Rising volumes and rates are starting to yield profits for container ship lines, but the industry still faces a vexing problem: what to do with all those ships ordered a few years ago.
Deployment of vessel capacity is growing faster than cargo demand, according to a new report by SeaAxis, the marine container division of Axis Intermodal UK. The gap in vessel supply and demand will complicate carriers’ efforts to recover from a disastrous 2009, the report warns.
“By accelerating the redeployment of the idle fleet and not maintaining pressure on shipyards to delay deliveries, the shipping industry is shooting itself in the foot,” Philippe Hoehlinger, vice president of risk management at SeaAxis, wrote in the firm’s annual SeaAxis Macro report.
Hammered by losses that industry research group AXS Alphaliner estimated at $15 billion in 2009, carriers held down capacity growth by idling ships, delaying deliveries of new tonnage and slowing vessel speeds. Now that the recovering economy is boosting cargo demand, carriers are cautiously reversing those actions to handle rising demand.
“All the tools that have been so creatively found and used in 2009 to improve the overall oversupply situation are now paradoxically slowing down the recovery,” Hoehlinger wrote.

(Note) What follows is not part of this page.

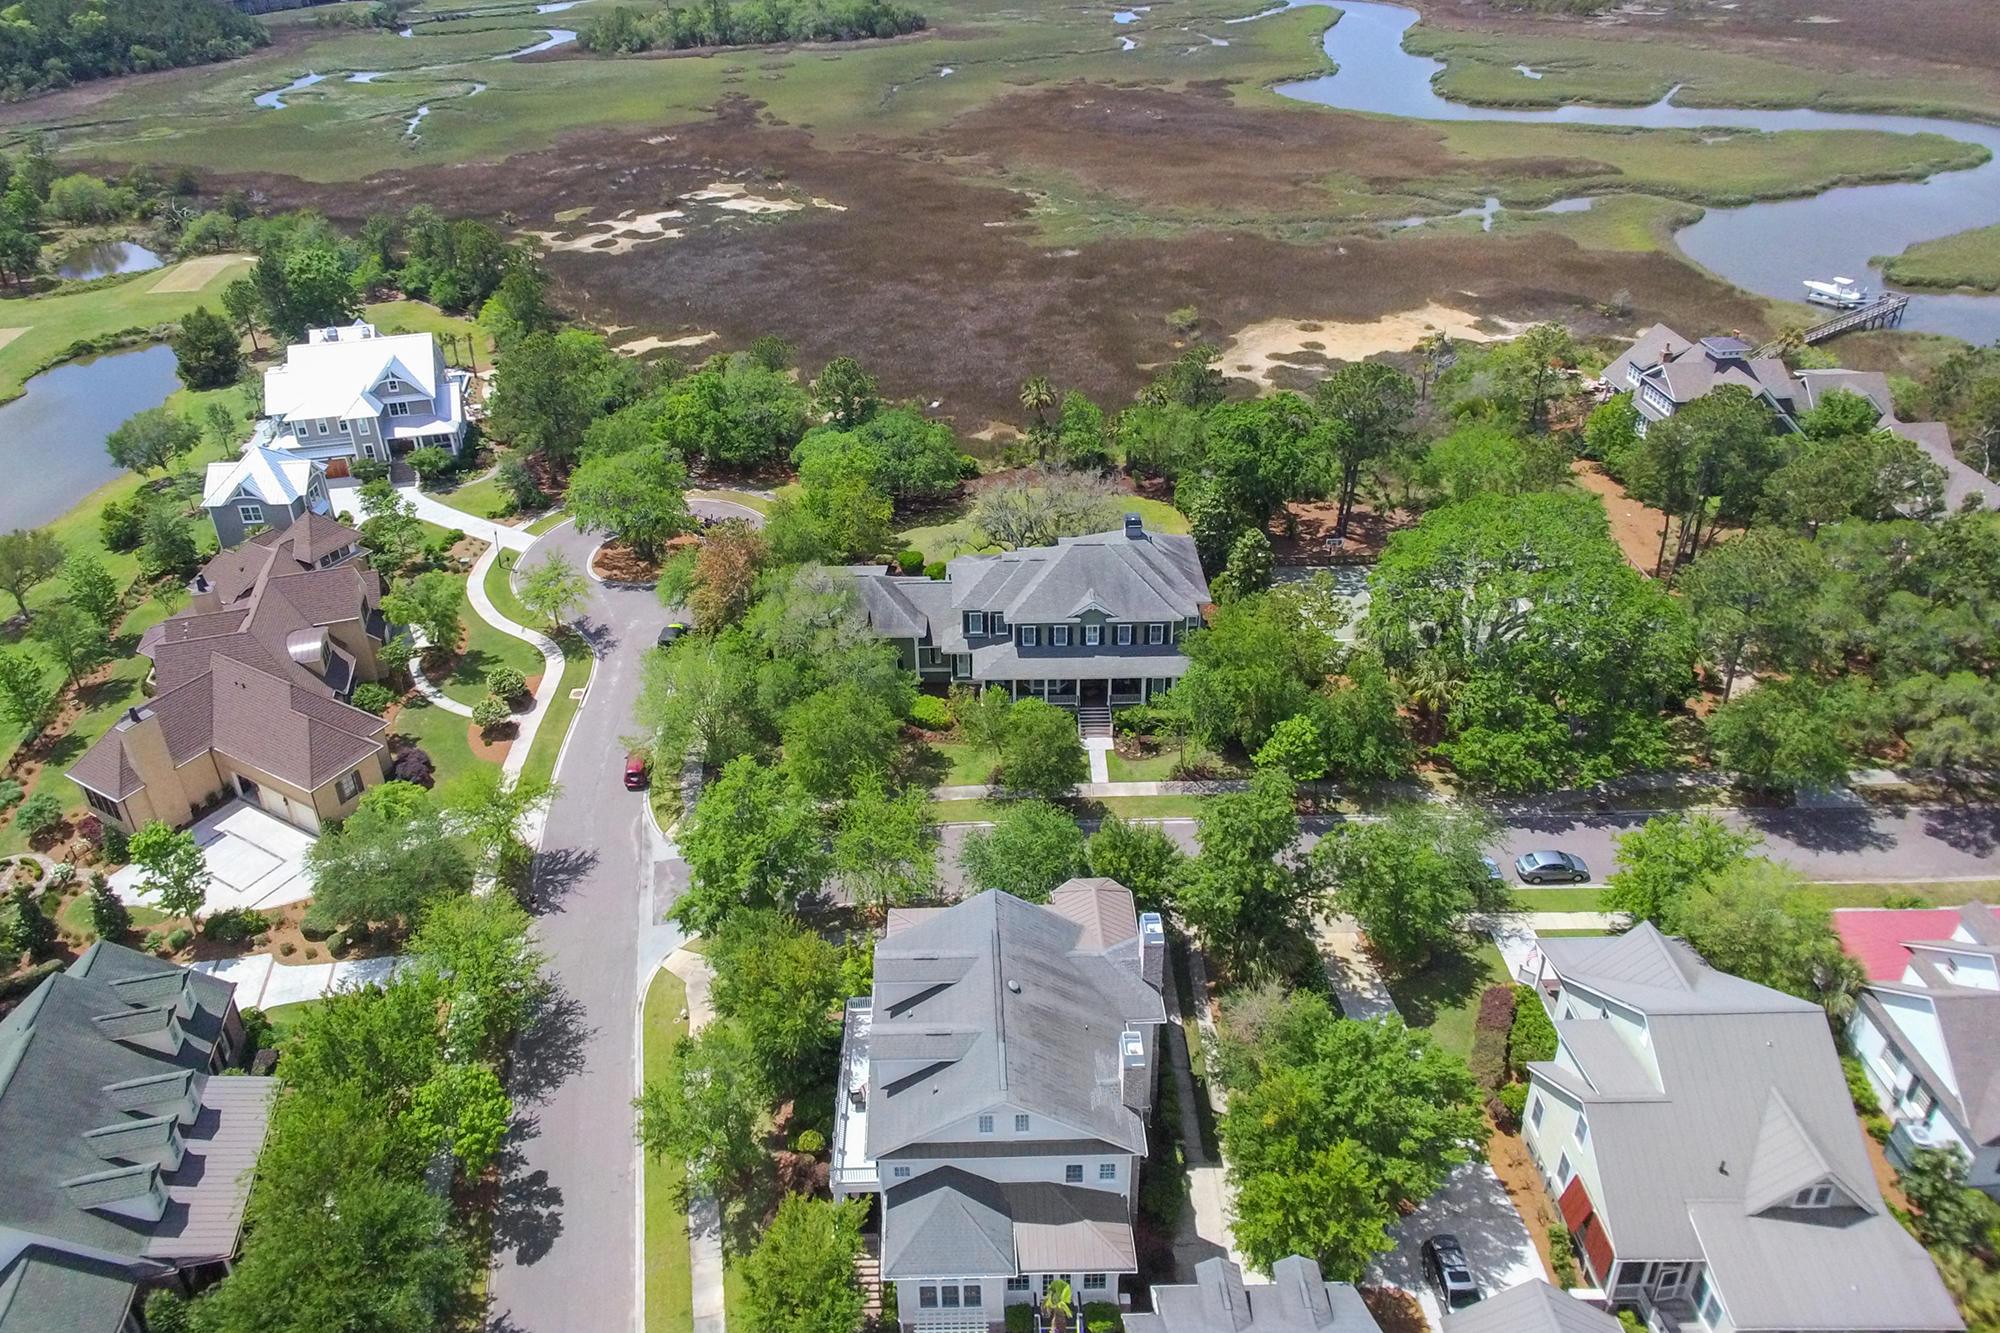 Daniel Island Park Homes For Sale - 1 Lafar, Daniel Island, SC - 5

Shipyards’ order books for container ships ordered before the recession represent 31 percent of the existing fleet but should decrease to 23 percent by the end of 2011, the SeaAxis report estimated.
The report forecast that effective capacity, or ships actually in service, will increase 12 percent this year and 12.4 percent in 2011 while global cargo volume rises 9 percent annually.
At the market’s nadir last year, idled container ships exceeded 700 vessels — 12 percent of the existing fleet’s capacity. The percentage of laid-up ships in the global container fleet has fallen to 7 percent during the last three months.
SeaAxis said layups were the main reason effective ship capacity decreased from 11.6 million TEUs in September 2008 at the beginning of the economic crisis to 11.4 million TEUs at the end of March 2010.
The balance of vessel supply and demand will improve this year, “but there will still be a differential of 3 percent between the increase in the ‘effective’ fleet and the increase in cargo trade volumes by the end of 2011.”
Effective capacity was 5 percent higher than demand in 2009 and will be 3.6 higher than demand this year before reaching parity by the end of next year, SeaAxis estimated.
“The underlying fundamentals for container shipping remain largely favorable in the mid-term,” the report said, because of the expansion of global supply chains, the rise in merchandise trade and the emergence of the BRIC countries — Brazil, Russia, India and China — as engines for demand.
Cargo volume and rates are rising. Neptune Orient Lines said volume at its APL unit during 2010’s first four months was up 43 percent from a year earlier. Average revenue per container rose 5 percent to $2,554 per FEU during the four-month period. APL’s average revenue jumped 15 percent in April over the same month a year ago, to $2,669 per FEU, largely because of increased Asia-Europe volume and increased recovery of higher bunker fuel costs.
But the price increases also appear to be leveling off. On a month-to-month basis, APL’s yield edged up just 1.8 percent from the March reporting period while volume grew about 3.7 percent.
Still, carrier revenue will improve further as new trans-Pacific contracts kick in. Most of the contracts took effect this month and include rate increases.
The improvement is a welcome reversal of losses estimated at $15 billion last year for the world’s 23 top liner operators. Carriers lost an average of $1,500 per TEU of vessel capacity, including idle ships, AXS-Alphaliner estimated.
Hoehlinger wrote in the SeaAxis report it was “a miracle that none of the large carriers have gone bankrupt.” But even though carriers are starting to show positive results, he said their profits “remain largely inadequate to cover debt service obligations.”